EXERCISE DATA Start Marker

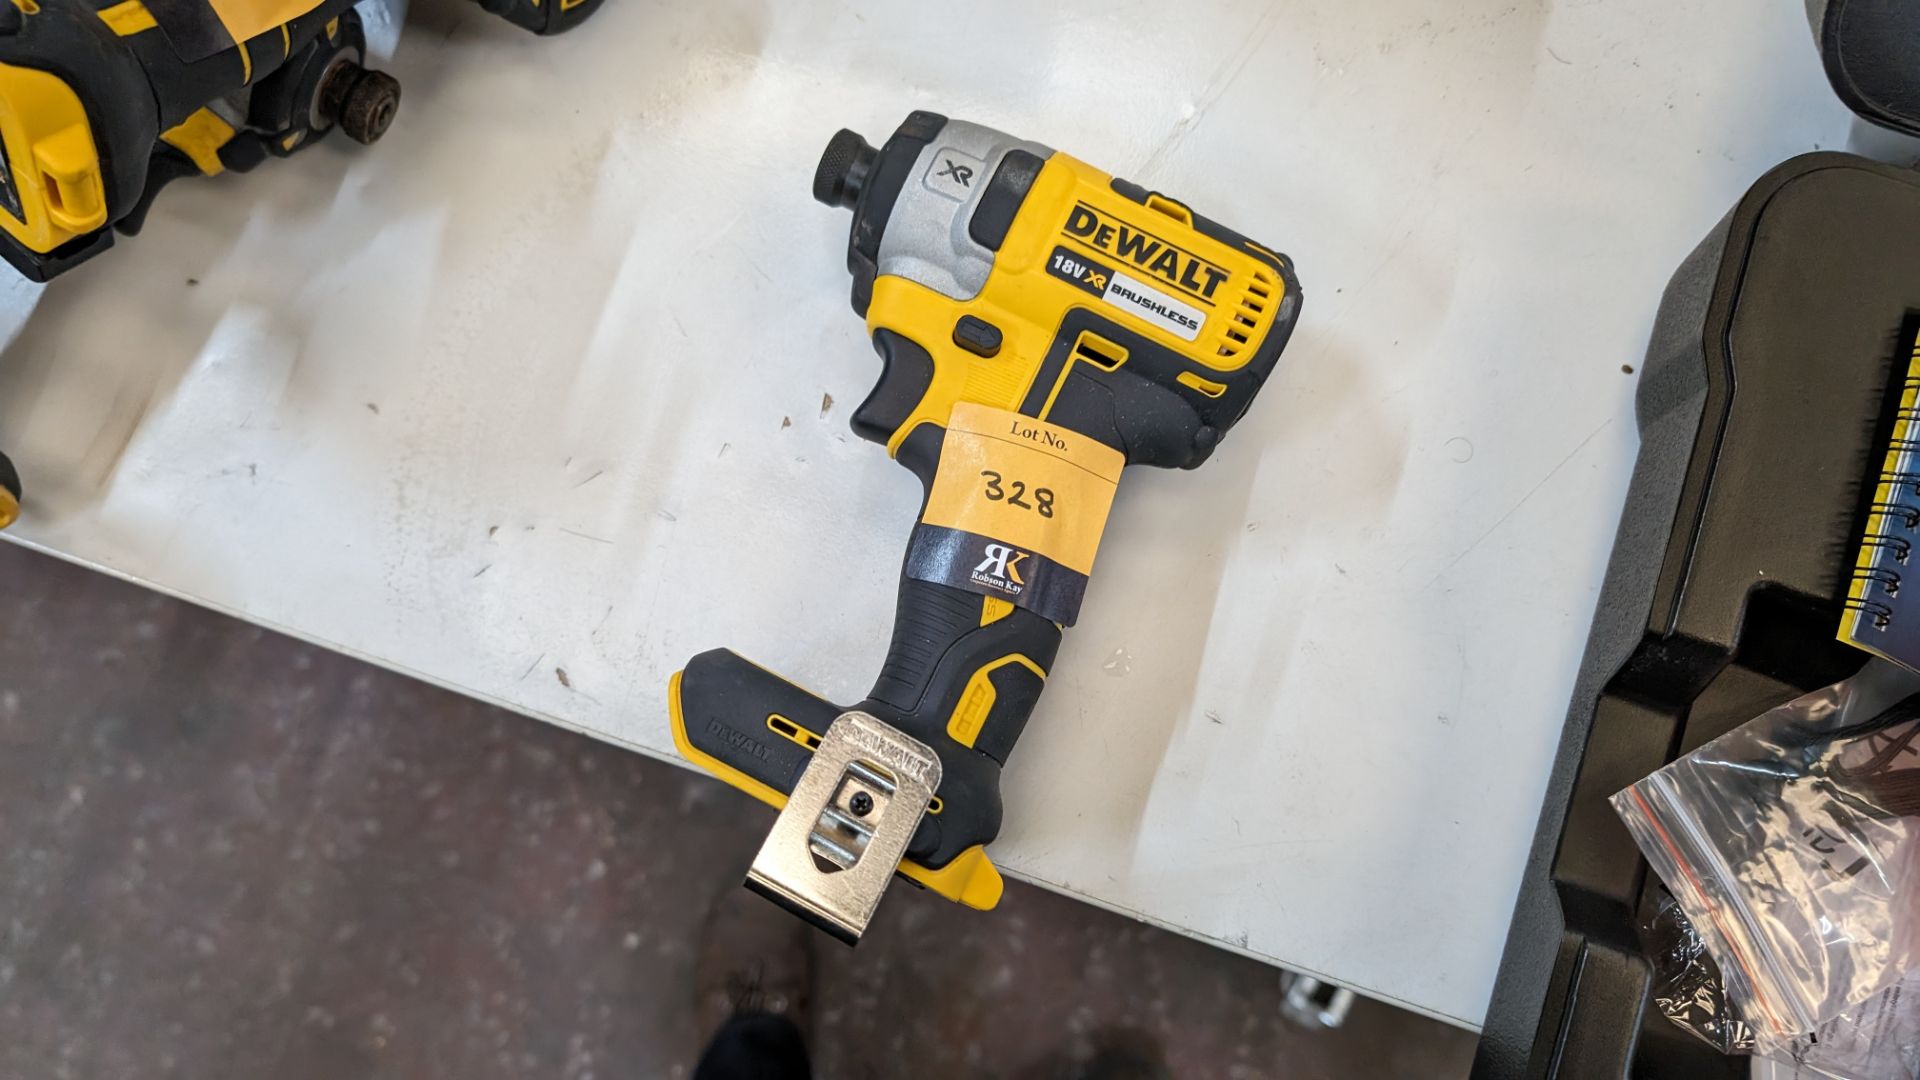 DeWalt DCF887 cordless driver - no battery or charger - Image 2 of 6
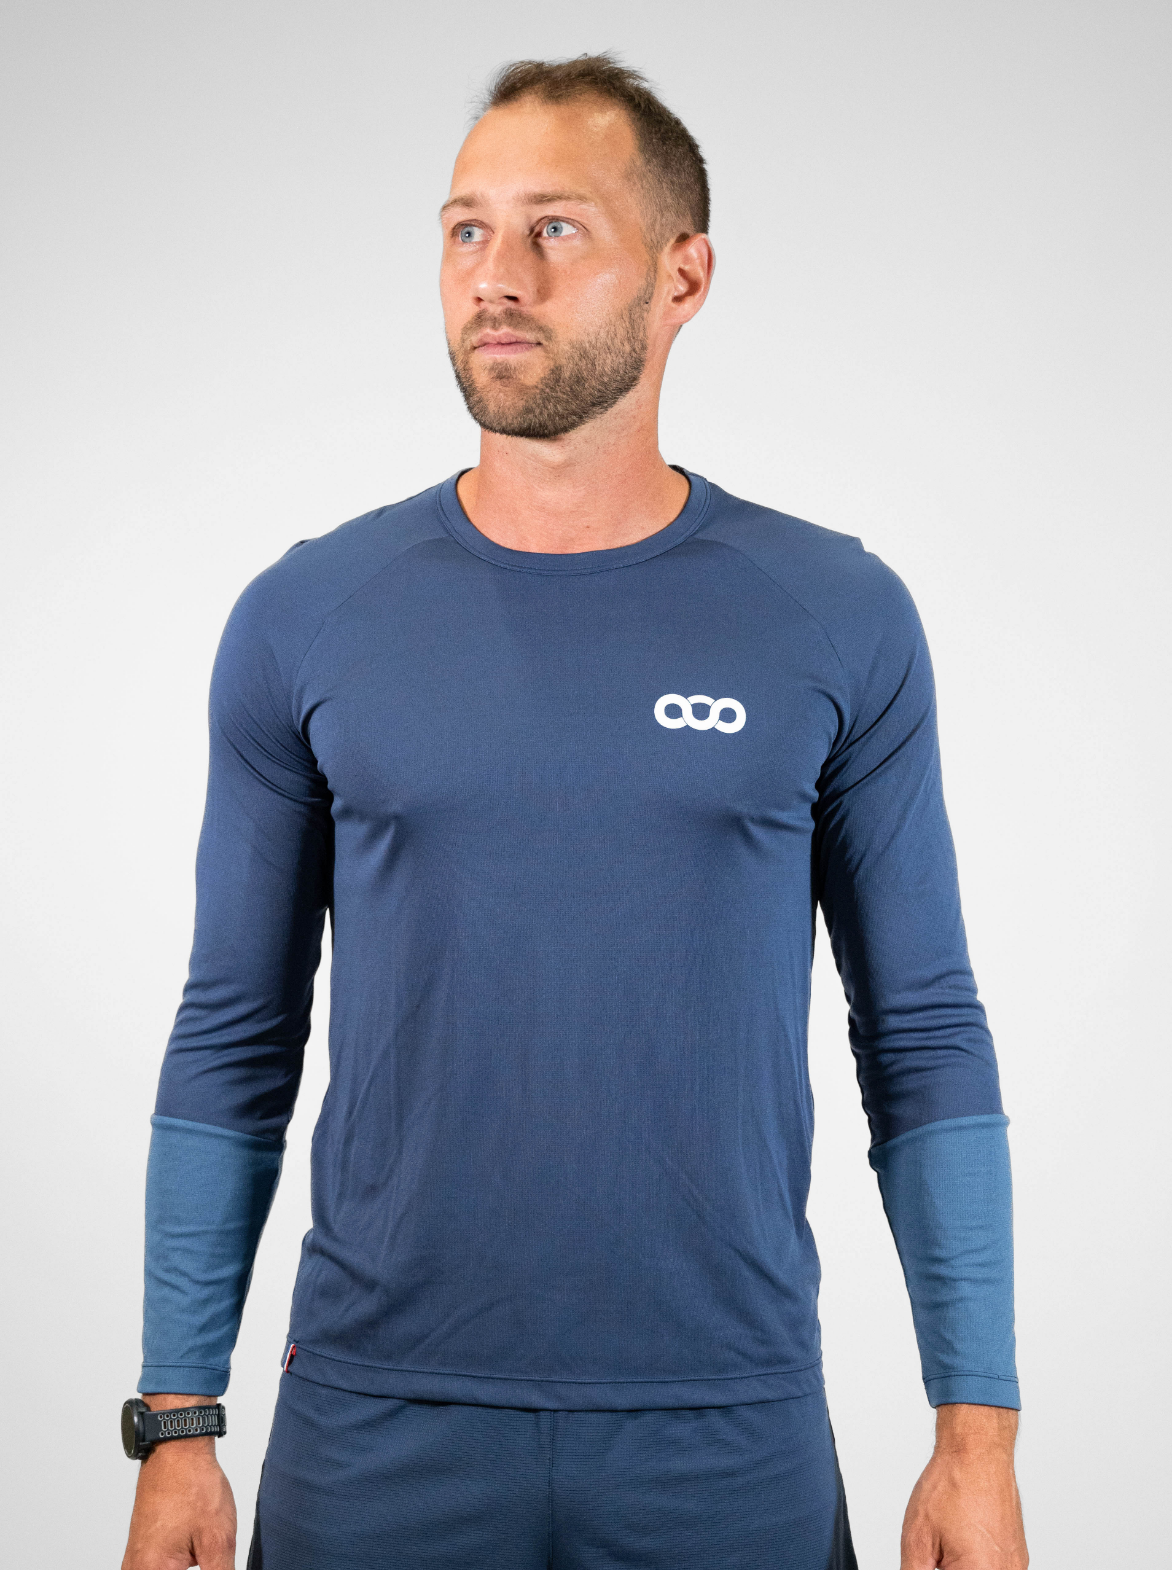 T-Shirt manches longues Running Homme Made in France et Recyclé - TOULON - Ventes privées
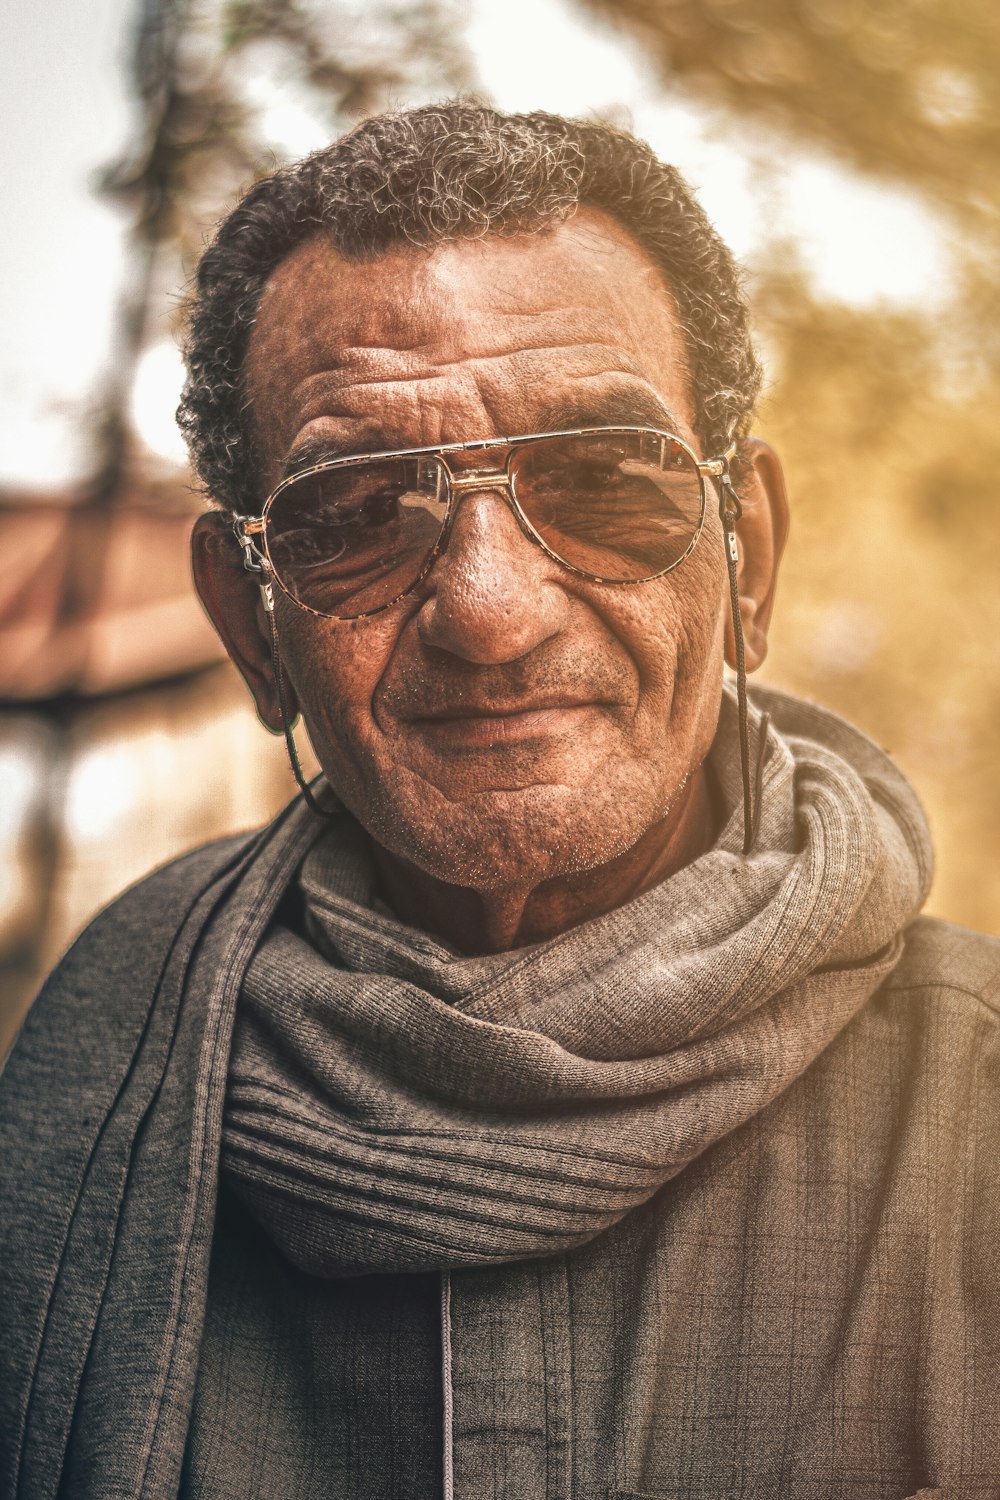 a man wearing sunglasses and a scarf

EXERCISE DATA End Marker

* **ASSIGNMENT**
Starting with the line that contains "T-Shirt manches longues", reproduce every line to the end of the material above, both end lines included, exactly and with no pictures.

* **OUTPUT OF THE EXERCISE**
 T-Shirt manches longues Running Homme Made in France et Recyclé - TOULON - Ventes privées
 a man wearing sunglasses and a scarf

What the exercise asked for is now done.